> _PROVIDED INFORMATION_
BEGIN

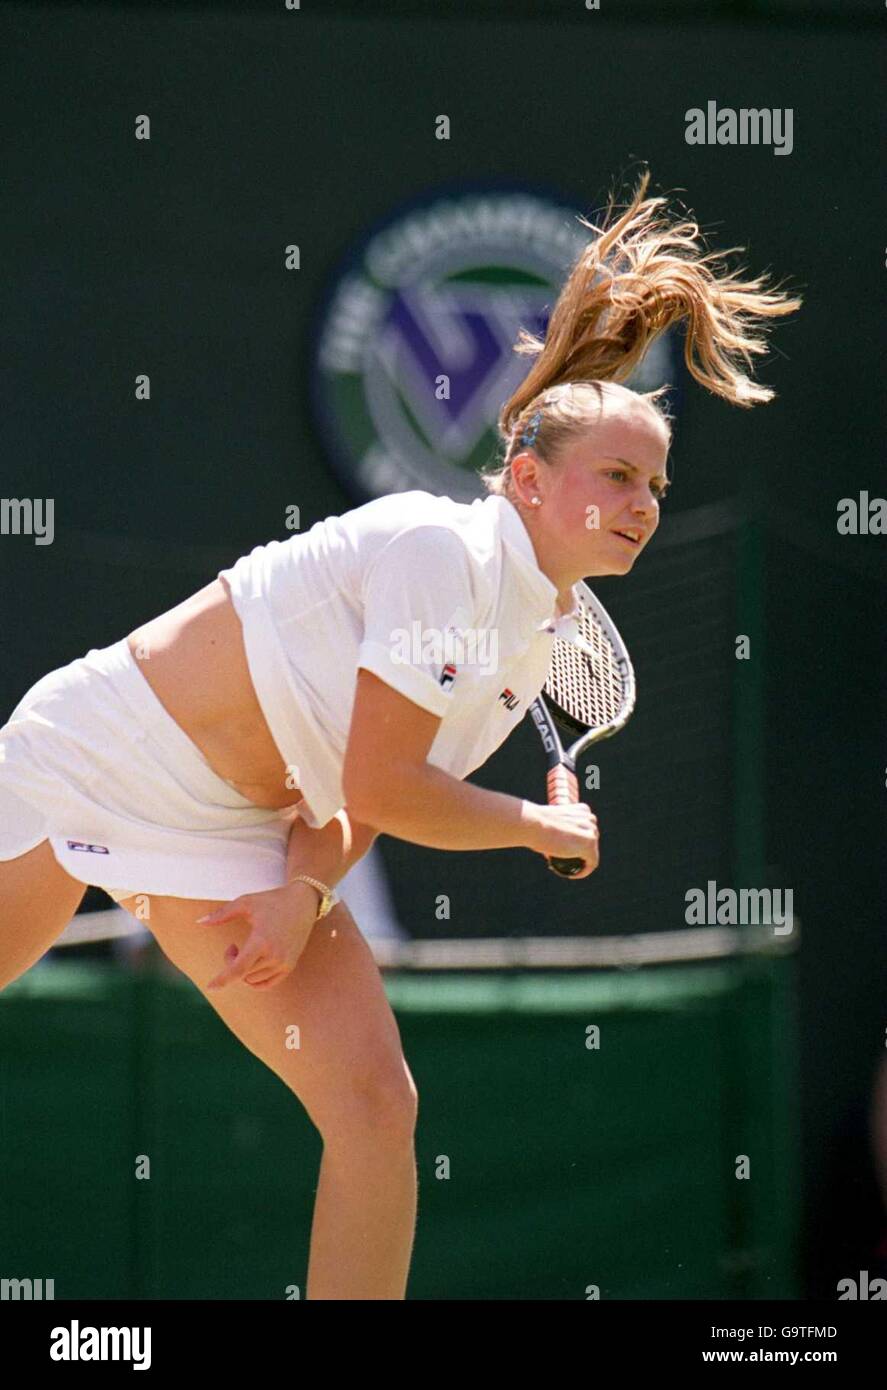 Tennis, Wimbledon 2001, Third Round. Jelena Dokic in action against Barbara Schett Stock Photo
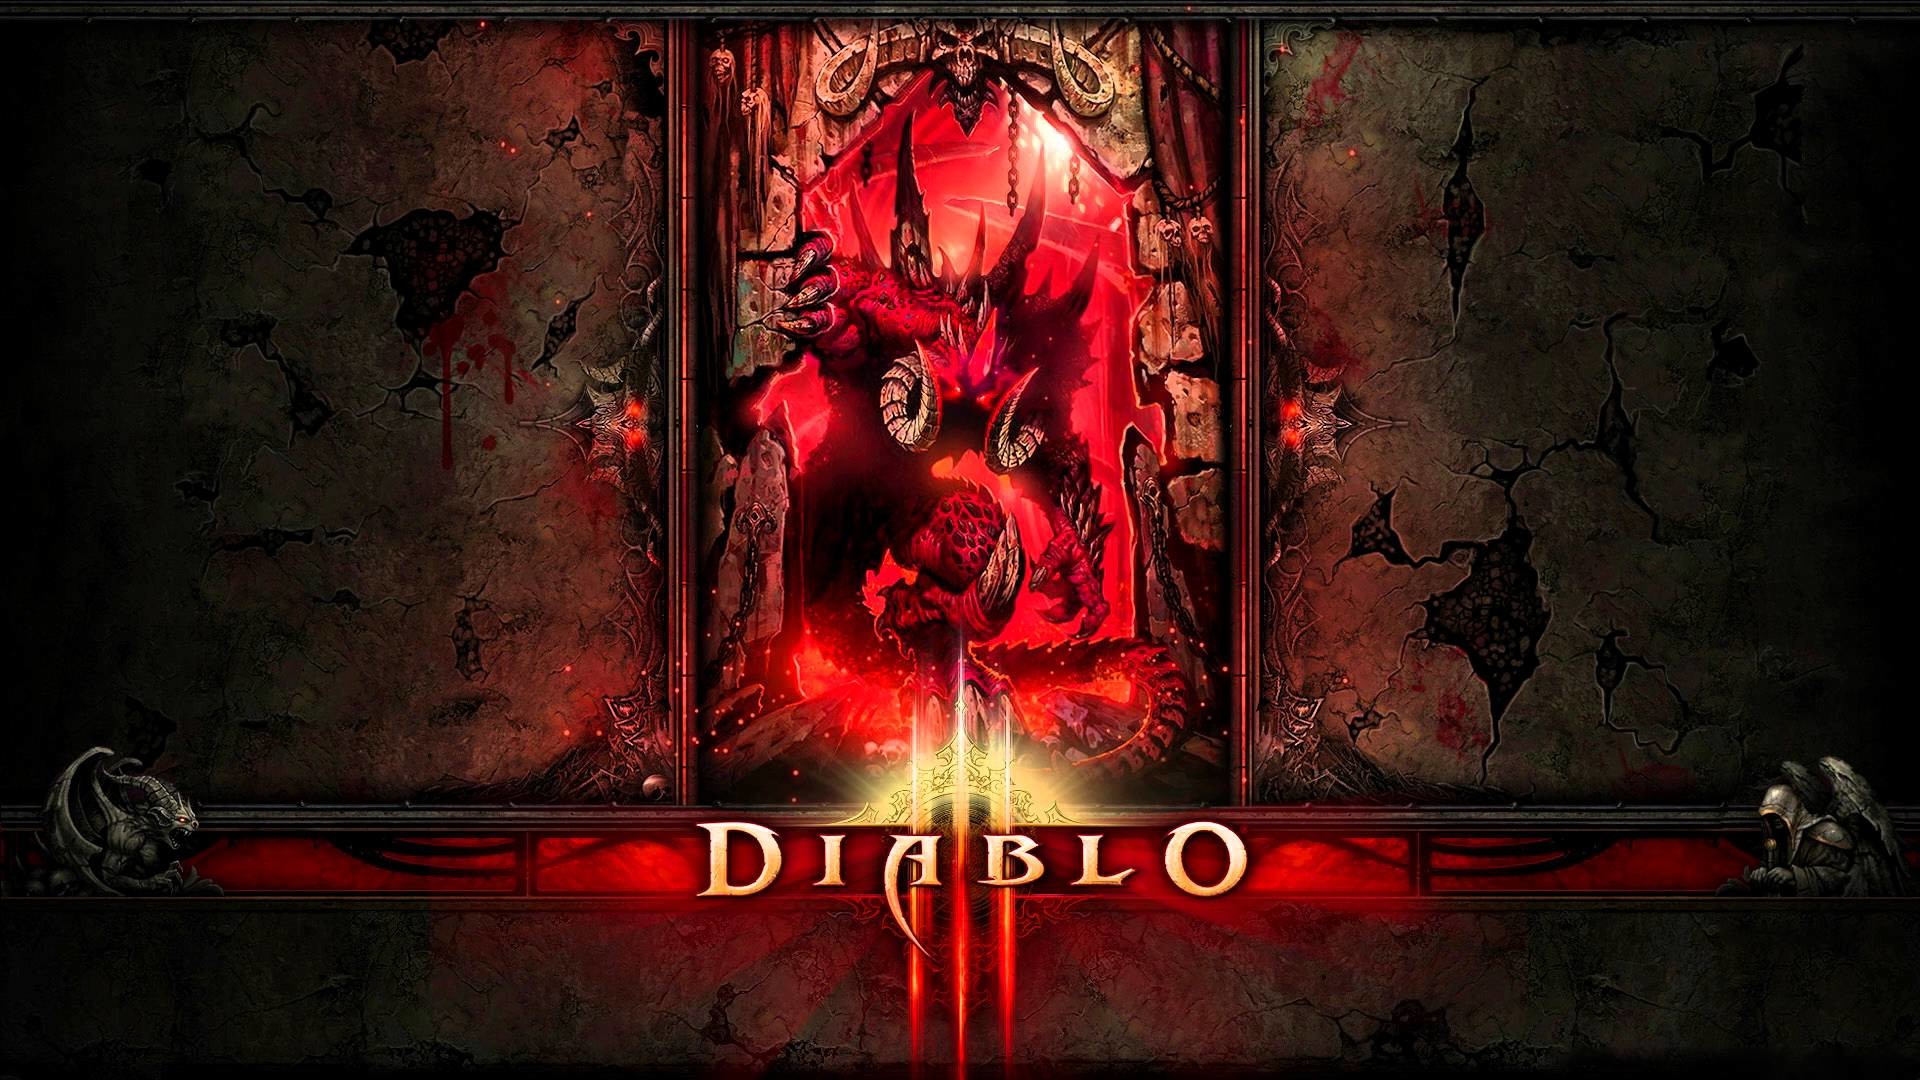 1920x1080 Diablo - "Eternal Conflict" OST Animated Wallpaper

END
BEGIN

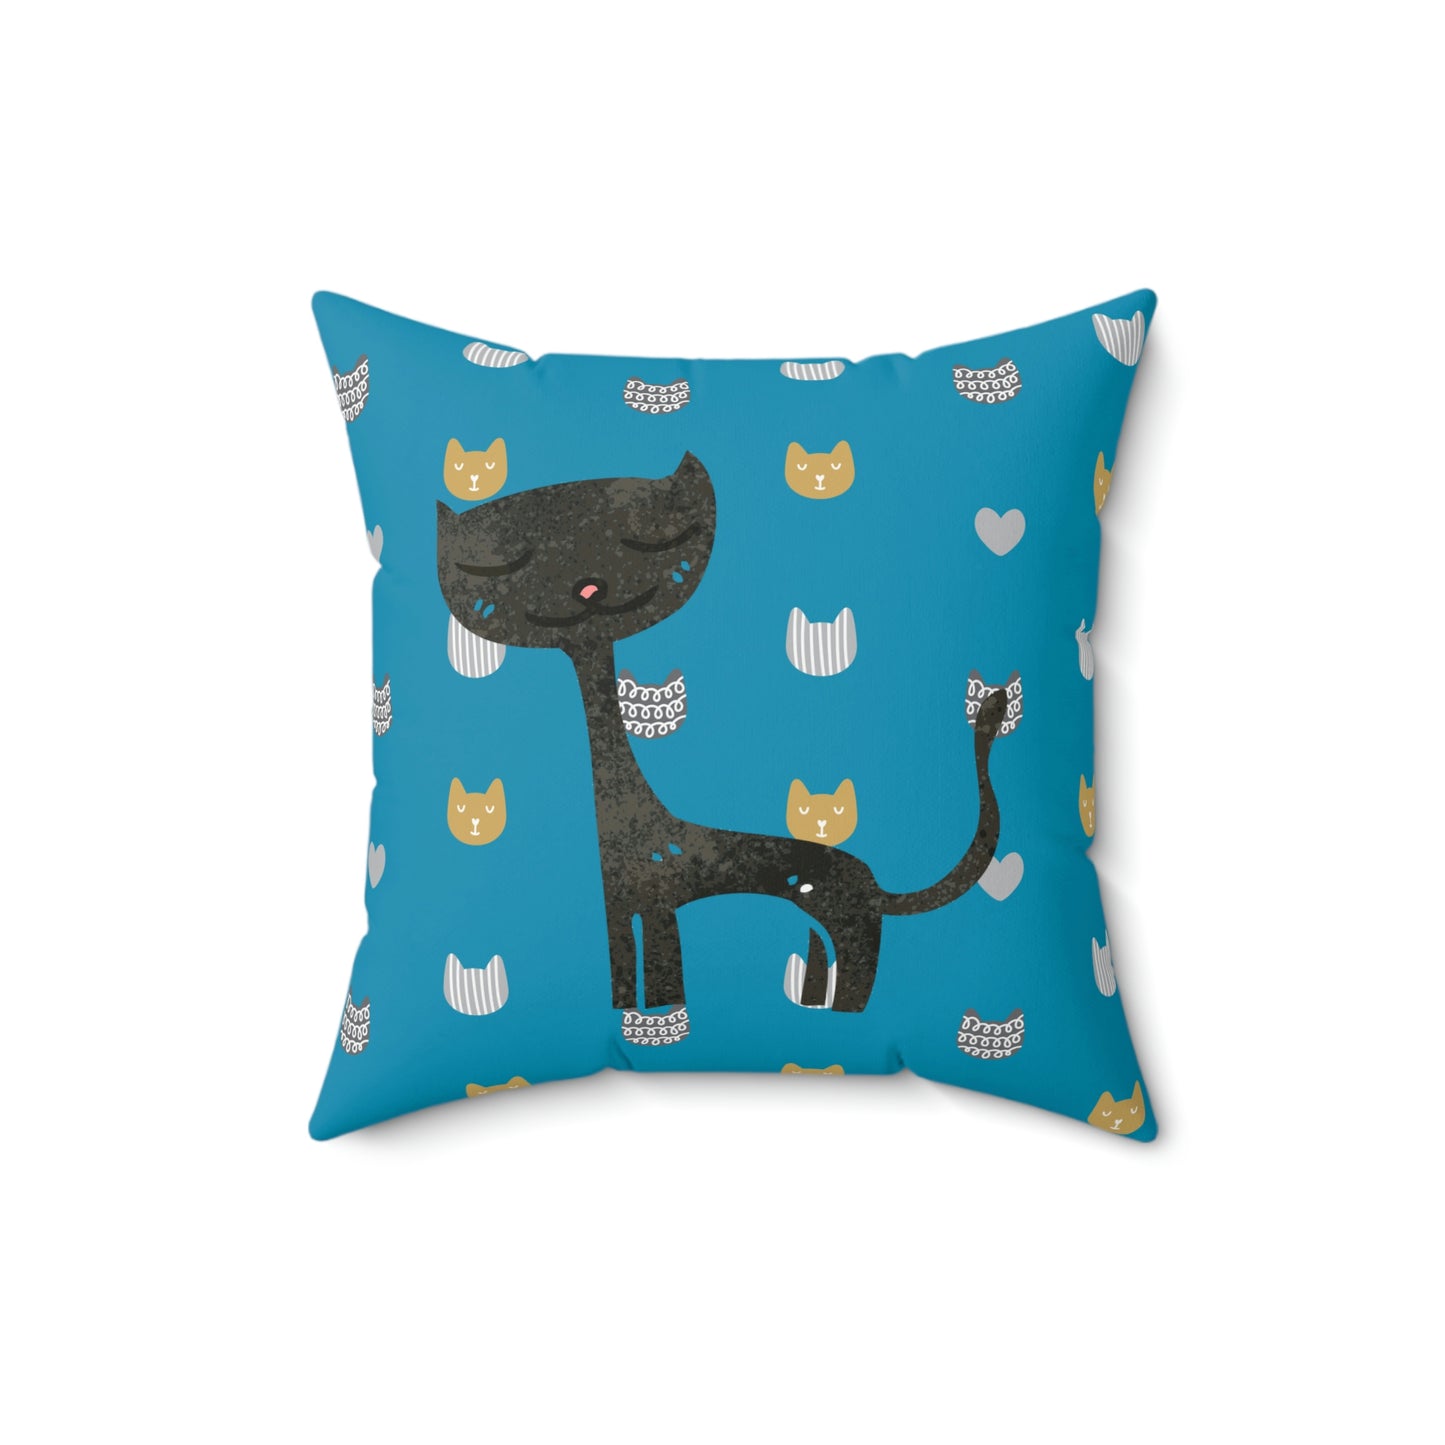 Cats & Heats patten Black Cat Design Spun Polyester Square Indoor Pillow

END

> _TASK DETAILS_
Using the listing above, reproduce word for word every line from the one containing "Tennis, Wimbledon 2001, Third" through the one containing "OST Animated Wallpaper". Pictures must be left out.

> _RESPONSE TO THIS TASK_
 Tennis, Wimbledon 2001, Third Round. Jelena Dokic in action against Barbara Schett Stock Photo
 1920x1080 Diablo - "Eternal Conflict" OST Animated Wallpaper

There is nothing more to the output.